Table 3 presents the LOSO spatial cross-validation results for the models and the BMA ensemble. Under spatial leave-one-station-out evaluation, BMA remained the most accurate model (LOSO RMSE = 8.21 ± 1.20 mm month⁻¹, RMSE% = 7.4%, R² = 0.722), followed by RF (8.49 mm, 7.7%, R² = 0.698) and XGBoost (8.84 mm, 8.0%, R² = 0.666). SVM and KNN performed similarly (RMSE ≈ 9.4–9.5 mm, R² ≈ 0.62–0.63), while DT (10.67 mm, R² = 0.517), Cubist (11.08 mm, R² = 0.440), and LR (11.83 mm, R² = 0.408) showed the weakest spatial generalization. Critically, the LOSO ranking diverges sharply from the temporal test ranking: Cubist, which achieved the best individual-model RMSE on the temporal test (7.3%), degraded to the worst LOSO performance (R² = 0.440), indicating overfitting to the training-station pattern. Conversely, the BMA ensemble, the best model in both evaluations, confirmed the robustness of EM-based ensemble averaging under spatial data scarcity.
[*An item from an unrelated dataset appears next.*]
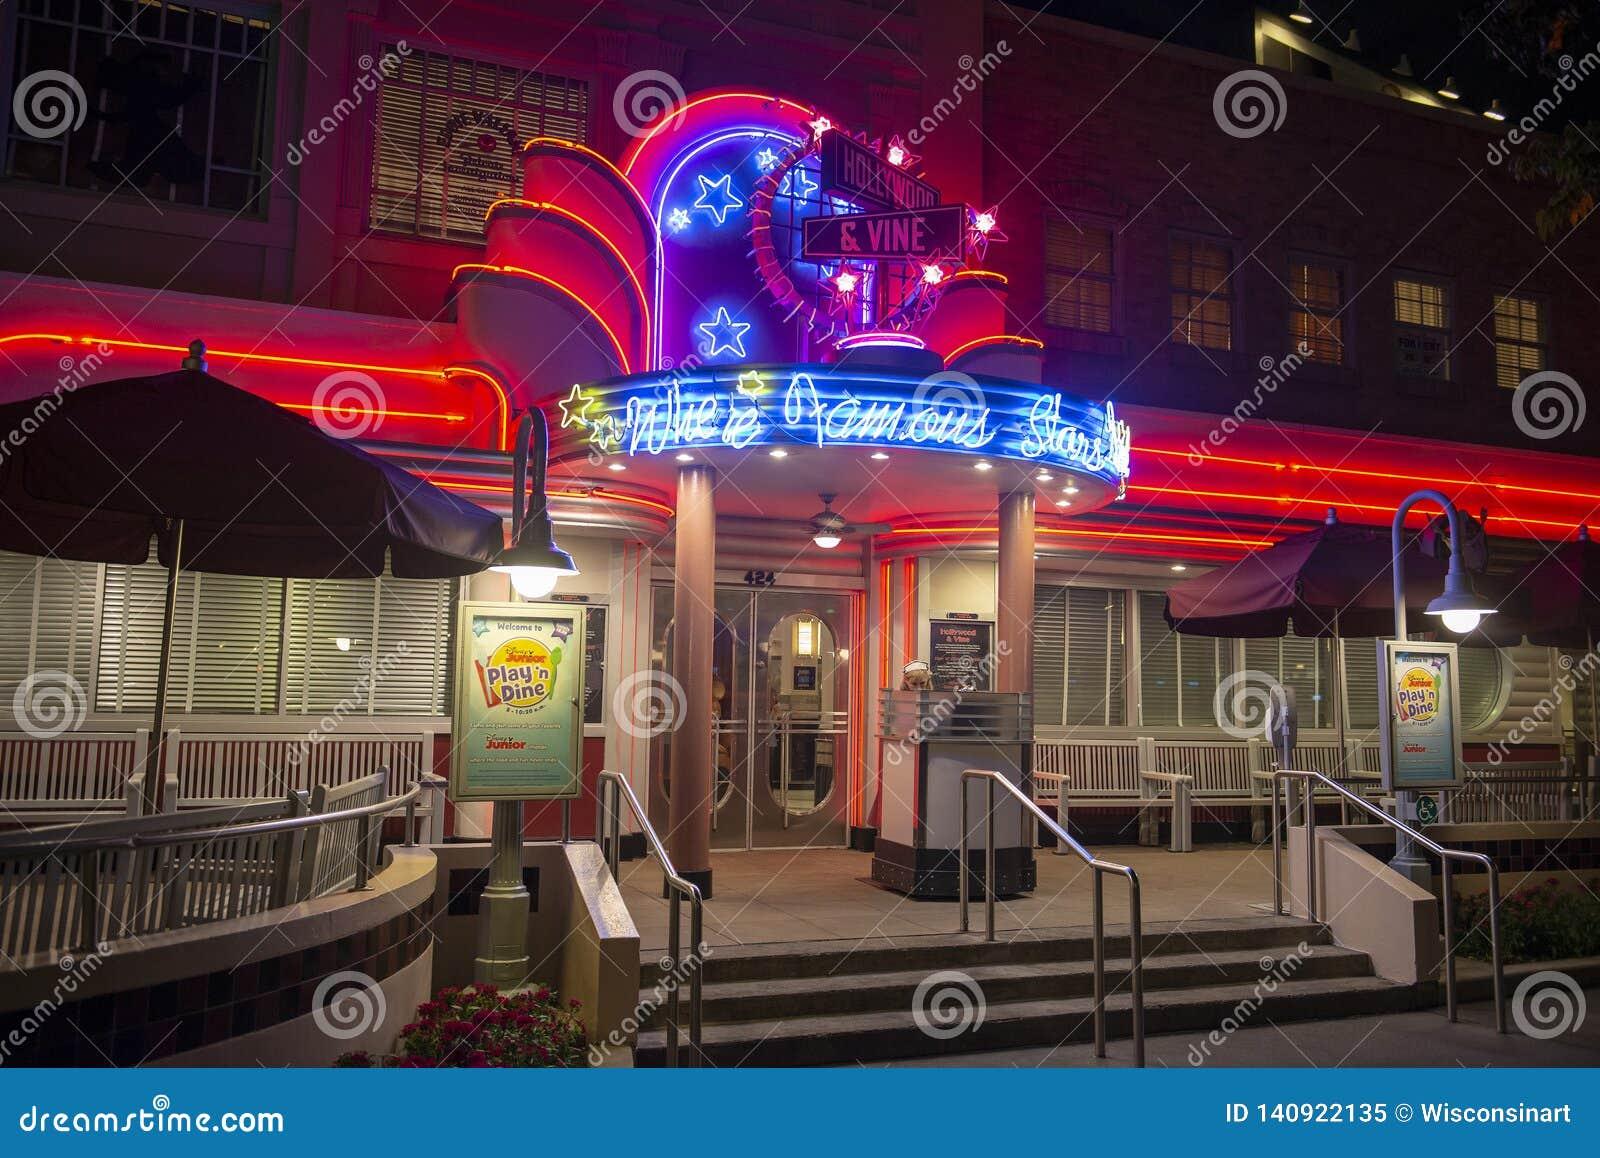 Hollywood Vine Restaurant Disney World Travel Editorial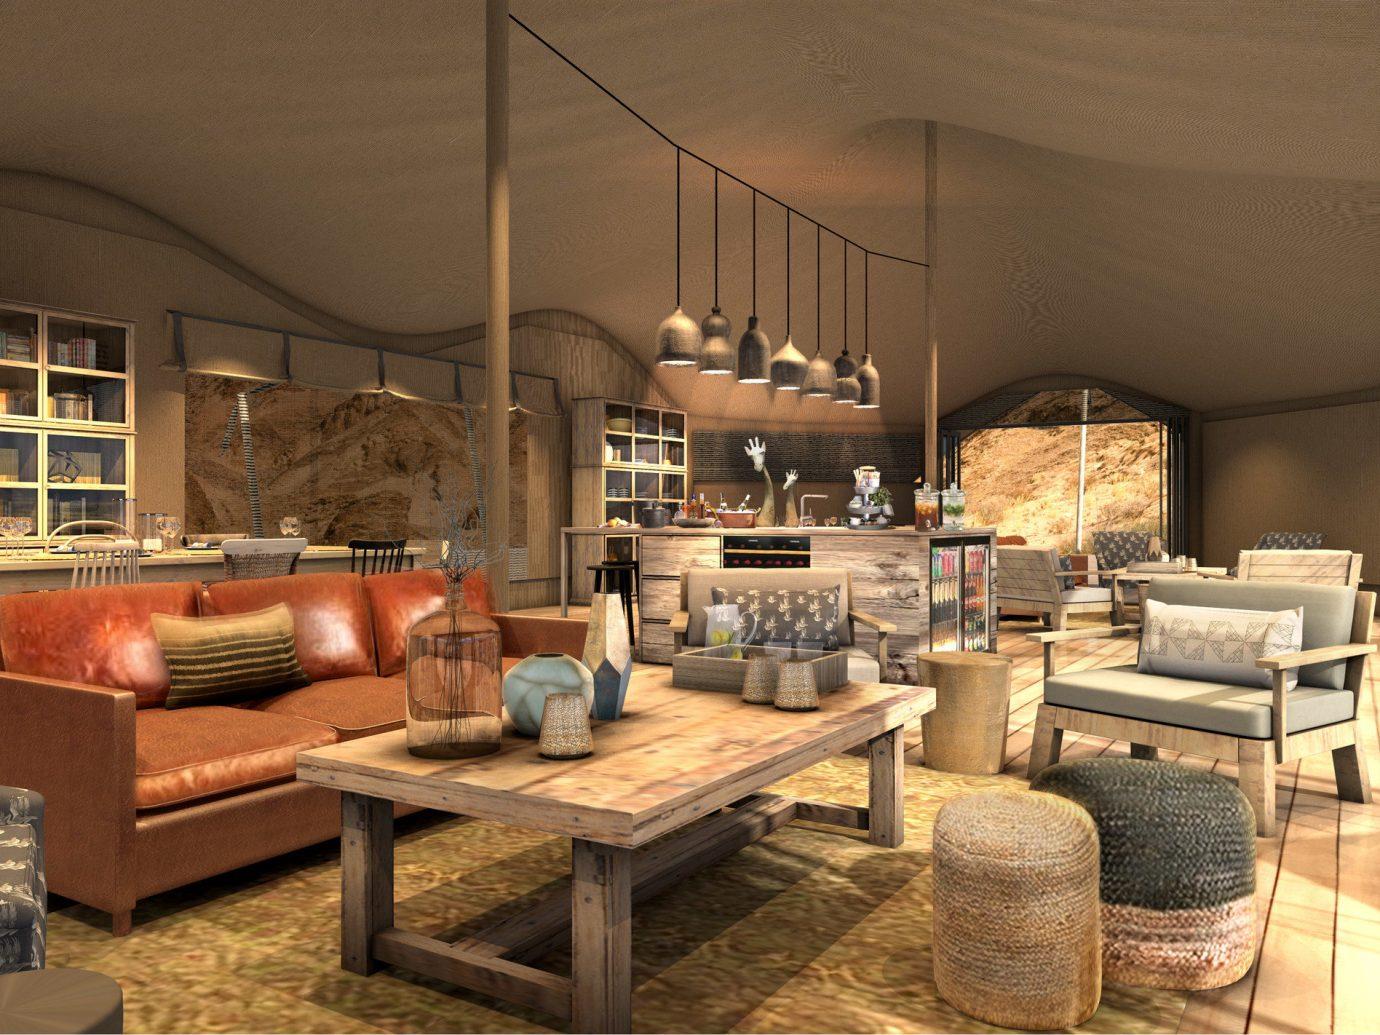 africa Honeymoon Namibia Romance Trip Ideas table indoor floor room chair Living living room interior design furniture loft interior designer area

The temporal evolution of predicted ET₀ compared to the observed FAO-56 PM series at the six stations is illustrated in Figure 6. Across all stations, the BMA ensemble (solid dark blue) consistently tracked observations more closely than individual models, confirming the added value of ensemble combination. At Bohicon, Parakou, and Savè, all seven models reproduced the seasonal cycle with reasonable accuracy, including the wet-season trough (July–August). At Kandi and Natitingou, characterized by the highest ET₀ values in the northern Sudanian zone, a systematic underestimation was observed during the dry-season peak (January–March), when values approach or exceed 140 mm month⁻¹. This residual bias reflects the limited capacity of the satellite-derived predictors to fully resolve the high evaporative demand driven by wind speed and vapour pressure deficit in the Sudanian dry season. At Cotonou, most models produced a modest overestimation during the transition months (March–May), consistent with the positive systematic bias documented in Table 2, while the wet-season minimum (July–August) was generally well captured.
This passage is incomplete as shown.